12.2 Ondeya shall not be responsible for delays in delivery and performance due to force majeure (e.g. strike, official orders, sudden illness, etc.) and due to events which make it significantly more difficult or impossible for Ondeya to perform, even in the case of bindingly agreed deadlines and dates. This includes in particular the failure of communication networks, providers, disruptions in the services of telephone companies as well as delays due to untimely delivery of data by the Client or by third parties attributable to the Client. These entitle Ondeya to postpone the delivery or service for the duration of the delay. A claim for damages by the Client against Ondeya is excluded in these cases. 12.3.
12.3 In the event of delays in delivery and performance in the production of third parties, no claim for damages can be made against Ondeya.
12.4 In the event of the dispatch of goods, the risk shall pass to the Client as soon as the consignment has been handed over to the person carrying out the transport. 

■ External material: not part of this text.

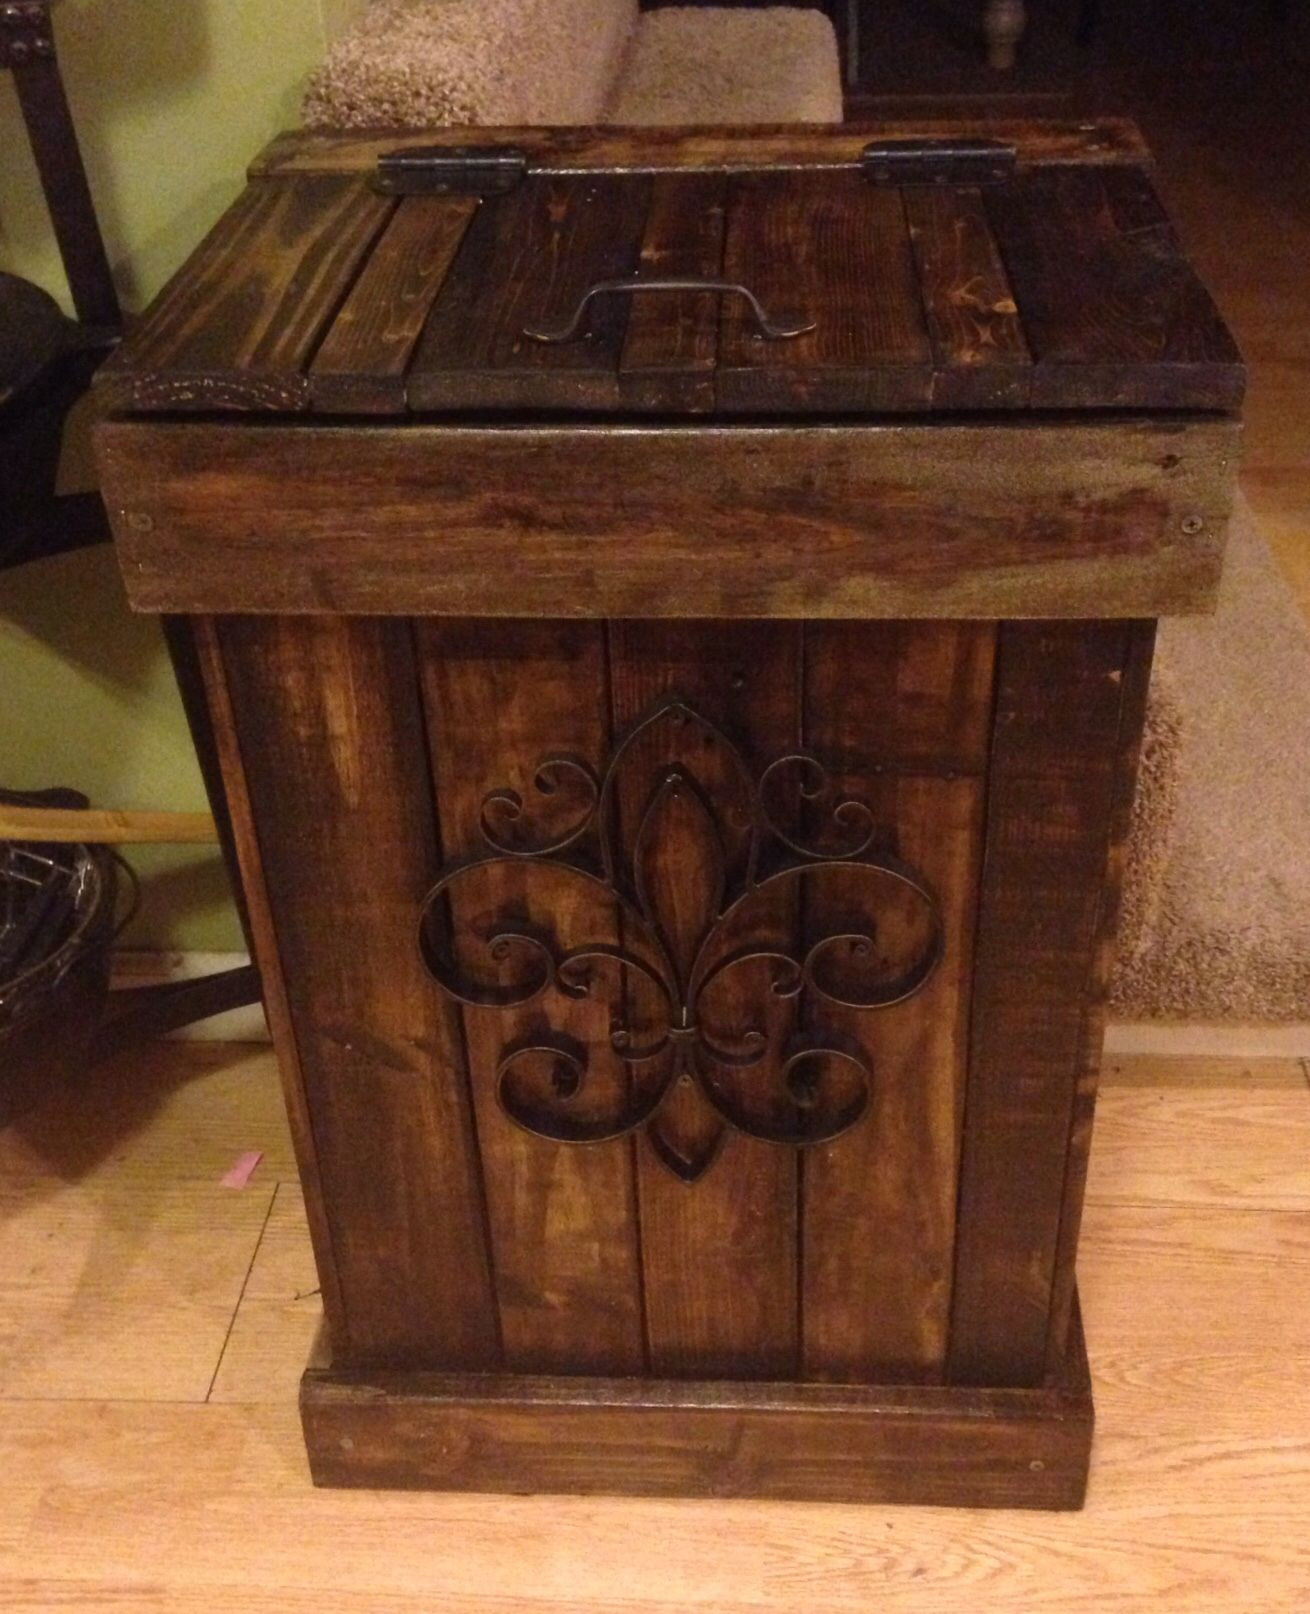 DIY Wood Trash Can
 30 gallon Wooden Trash Can made from wooden pallets

§13 GOVERNING LAW & JURISDICTION 
13.1 The business relationship between the Customer and Ondeya shall be governed by German law. In order to achieve a solution in case of disputes, the use of a mediator is agreed upon prior to a legal dispute. 
13.2 The agreement on the place of jurisdiction shall apply equally to domestic and foreign customers. 13.3 The place of performance and jurisdiction for all services and disputes is exclusively the registered office of Ondeya.

§14 OTHER PROVISIONS
14.1 There are no ancillary agreements to this contract. Amendments or supplements must be made in writing to be legally effective. 
14.2 Any amendment to clause 13 of the contract must also be in writing. 
14.3 Insofar as this general contractual basis lacks a provision, the provisions of the Copyright Act and the Design Act shall apply.

§15 SEVERABILITY CLAUSE
Should one or more of the above provisions be invalid, this shall not affect the validity of the remaining provisions. This shall also apply if within a provision one part is invalid but another part is valid. The respective invalid provision shall be replaced by the parties by a provision which comes closest to the economic interests of the contracting parties and which does not run counter to the remaining contractual agreements.